The mathematician, professor and researcher Xavier Ros Oton. / Photo: Courtesy of the author.
FACE TO FACE WITH
Xavier Ros Oton, recipient of the 2025 Premi Nacional de Recerca (National Research Prize)
On 17 June 2025, the Government of Catalonia presented the Premis Nacionals de Recerca at the Teatre Nacional de Catalunya. As I watched the ceremony unfold, one laureate stood out—not only for the weight of his scientific achievements, but also for the striking combination of youth (he has yet to turn 37) and intellectual courage.
Born in Barcelona in 1988, Xavier Ros Oton is widely recognised as one of the foremost mathematicians of his generation. A graduate in Mathematics from the Universitat Politècnica de Catalunya (UPC), he completed his doctorate there at just 24. His trajectory has taken him from Princeton to Chicago and Zurich; today he is Professor of Mathematics at the University of Barcelona and an ICREA Research Professor.
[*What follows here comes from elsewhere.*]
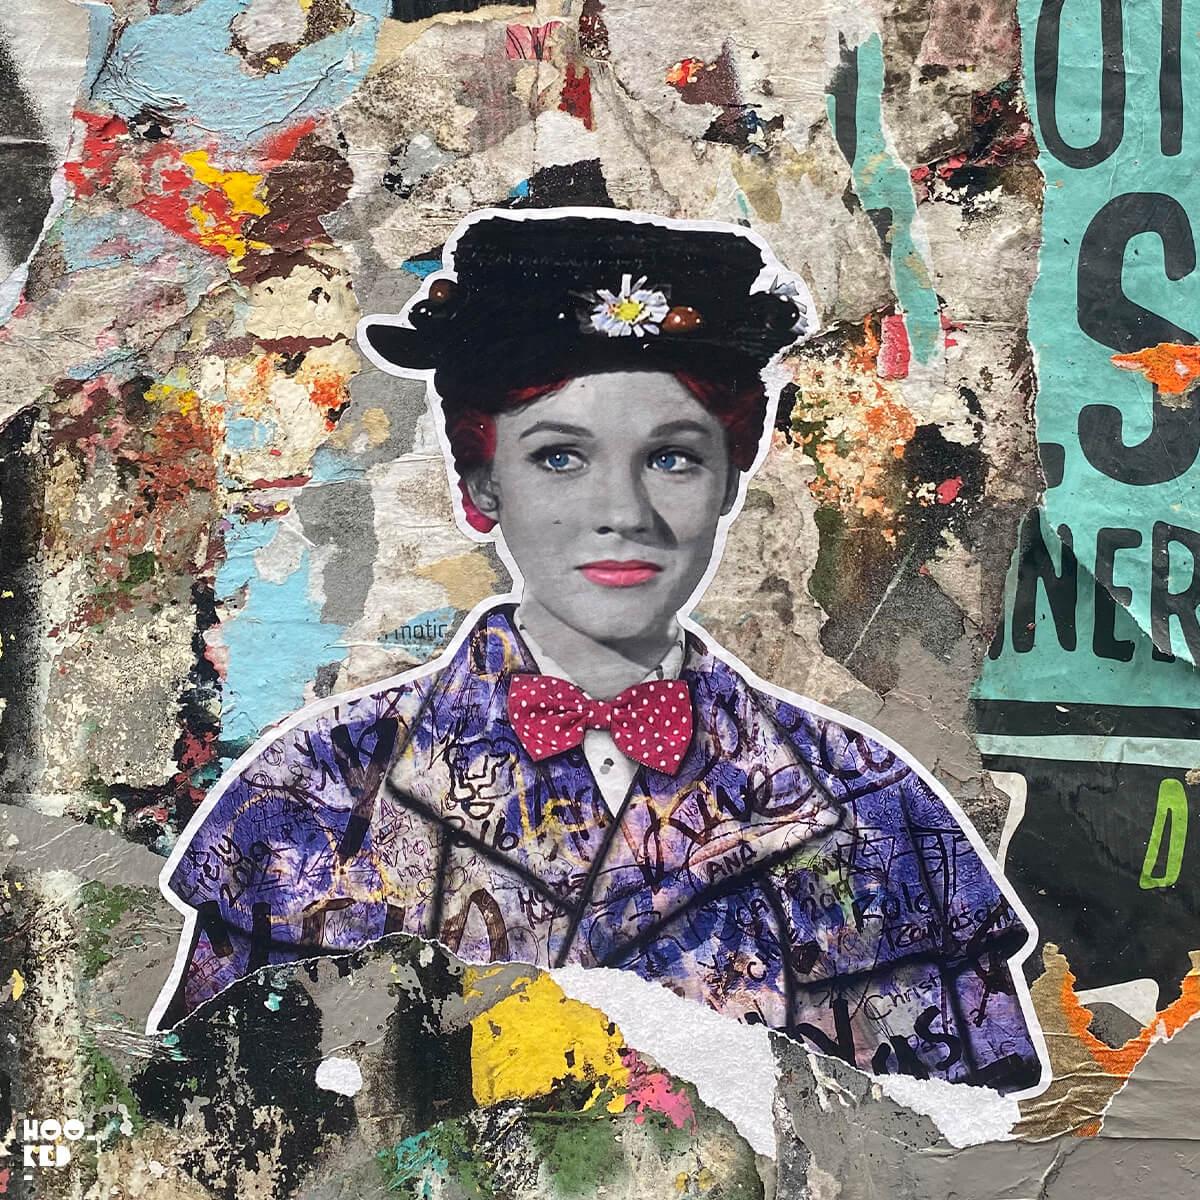 5 Shoreditch Street Art Hotspots for Paste-ups - The Postman

His work centres on partial differential equations (PDEs), a field whose ramifications span physics, biology and beyond.
Ros Oton’s contributions have earned him numerous accolades—the Rubió i Balaguer Prize, the Antonio Valle Prize of the Sociedad Española de Matemática Aplicada, the Fundación Princesa de Girona Award, and most recently the Premi Nacional de Recerca. Despite his youth, he has reshaped our understanding of the regularity of solutions to nonlocal equations, shedding light on structures that, until recently, lay entirely beyond mathematical reach. But he is also a thinker committed to public life, scientific outreach, and our educational system. Speaking with him for Educational Evidence felt indispensable.
You have just received the 2025 Premi Nacional de Recerca. A remarkable distinction, of course. Yet beyond the personal honour, what place do mathematics occupy in the broader architecture of knowledge? What does this recognition signify for you?
It has been a profound joy on a personal level, but also a meaningful acknowledgement of mathematics itself, especially as this is the first time a prize of such stature has been awarded to our discipline.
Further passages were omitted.